Wednesday, August 13, 2008

You are now free to move about the tarmac

Maybe you're tired of reading postings here about the pain of air travel, but I haven't yet tired of writing about the issue. I wish there were no need for me to do so, but since there is, I feel compelled. Especially when my loved ones have to endure the pain.

Cassie just spent a week in New Mexico. She connected through Dallas both ways, and each time had to lay over four hours on what should have been a brief connection. I would specifically call out her carrier (American), but I think the problems she experienced are common across most of the legacy airlines—and the blame for the problem on her return fell to the weather (or, more accurately, to LaGuardia Airport's inability to keep flights on time when anything more than a 2-knot breeze blows across the runway).
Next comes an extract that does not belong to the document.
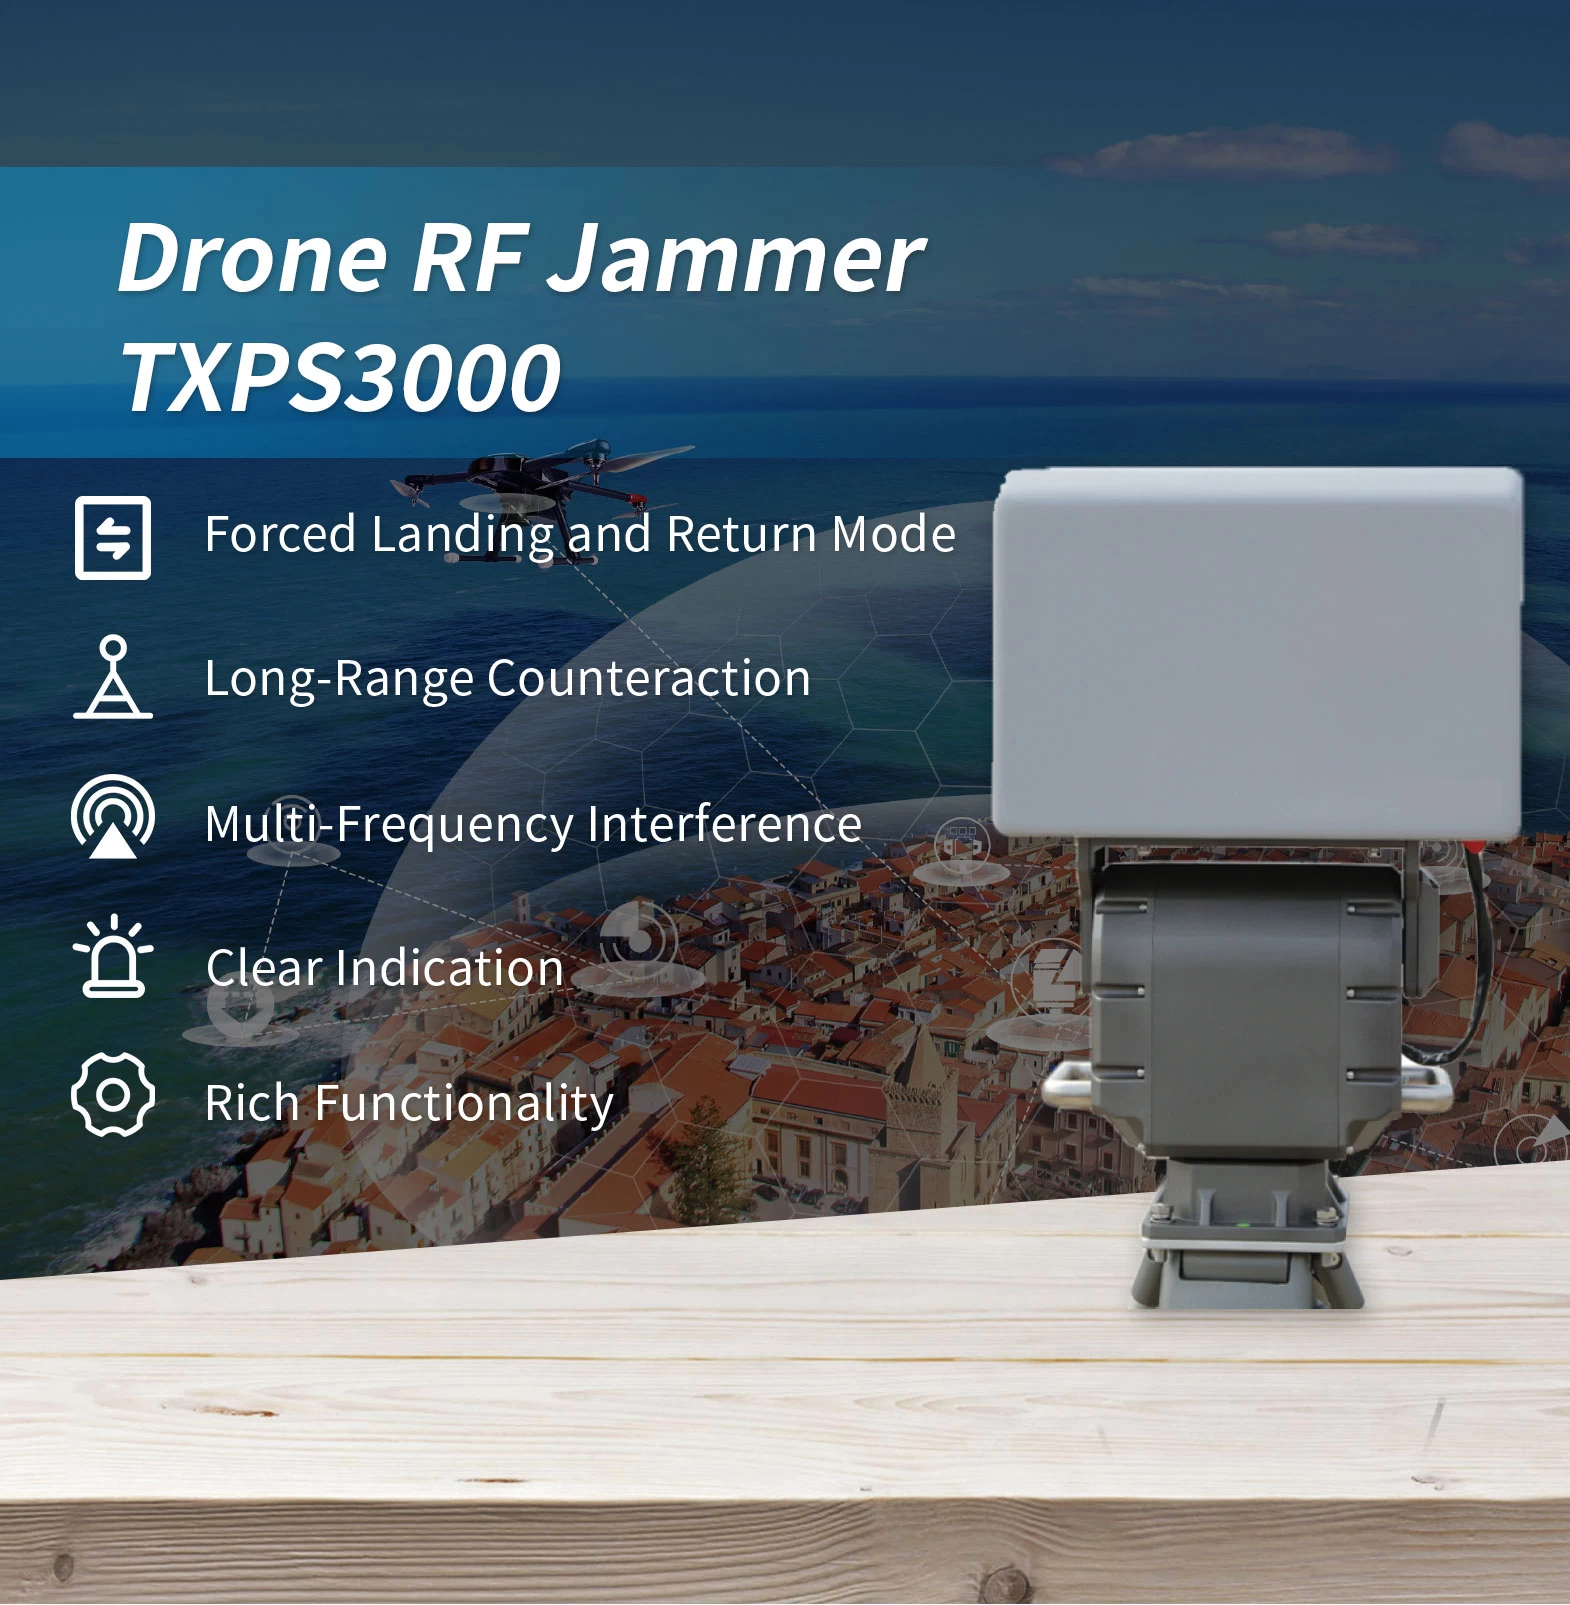 Drone RF Jammer TXPS3000 - Drone Defense - 1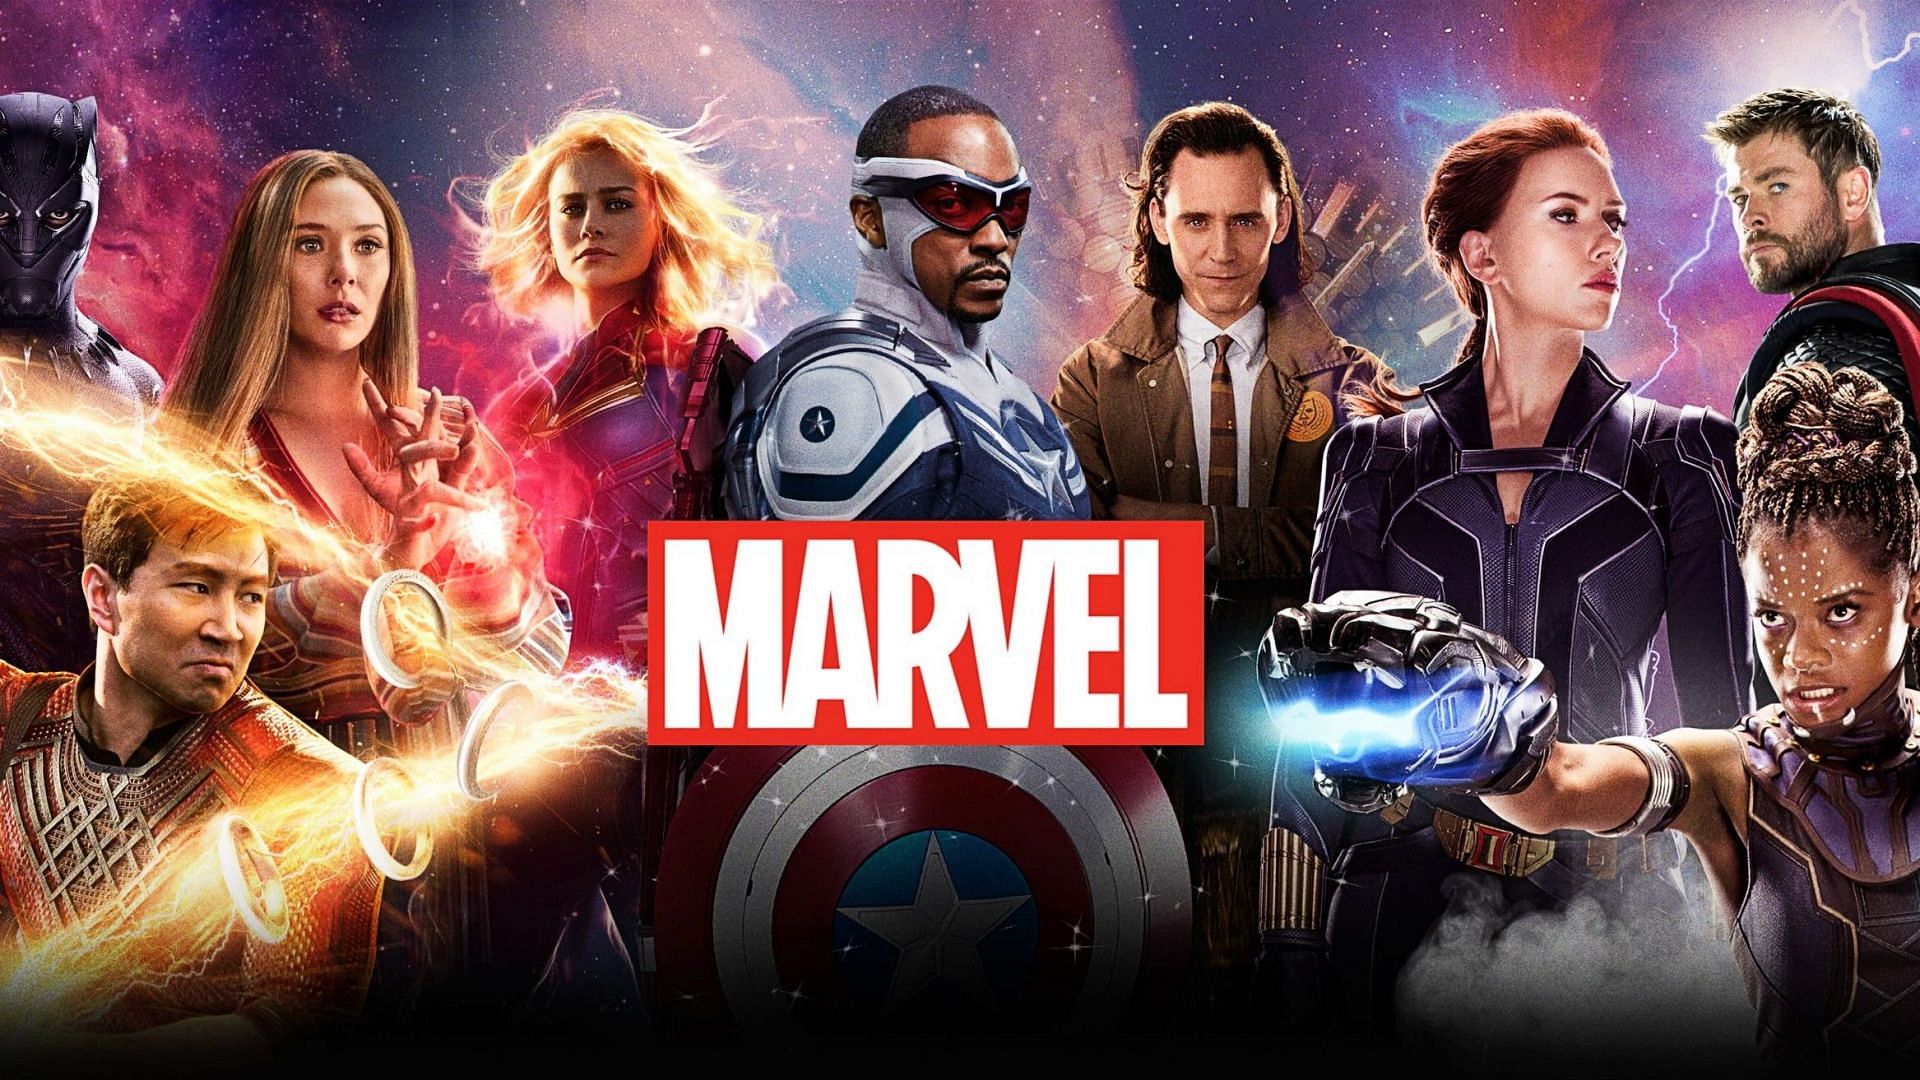 Confusion ensues as Disney&#039;s streaming platform stumbles with Marvel Cinematic Universe&#039;s timeline order once again (Image vis Disney)

While the boredom of being stuck in an airport for hours is indeed painful, it's not as bad as being shut in a plane and sitting on the tarmac for the same amount of time. This seems to be happening more often than ever these days, as airlines board planes and push them away from the gate, knowing full well that the plane is going nowhere.

Sure, from a logistical point of view, it makes sense to load the plane and put it in a standby position on the tarmac, so it can take off on short notice. But how fair is that to the passengers, when it's not known when the plane will be cleared to take off, and passengers are not allowed to unbuckle and use the lavatory?

Quite often, such delays are due to safety-related weather issues, particularly here in the summer thunderstorm-prone Northeast. And in all honesty, I have no idea how dangerous it is to take off in a thunderstorm (or a 3-knot gale at LGA). But I do know that the airlines are taking the easy, convenient route when they fill planes like cattle cars and shuttle them out to the tarmac to wait God knows how long. Thank you for keeping our safety in mind, but how about you keep us all crowded into the terminal instead. We'll be just as uncomfortable, but at least we'll be able to pee when we want.

My father, a seasoned traveler himself, probably echoed the sentiments of a great many travelers when he told me the other day that he has "completely lost interest in traveling, except by car."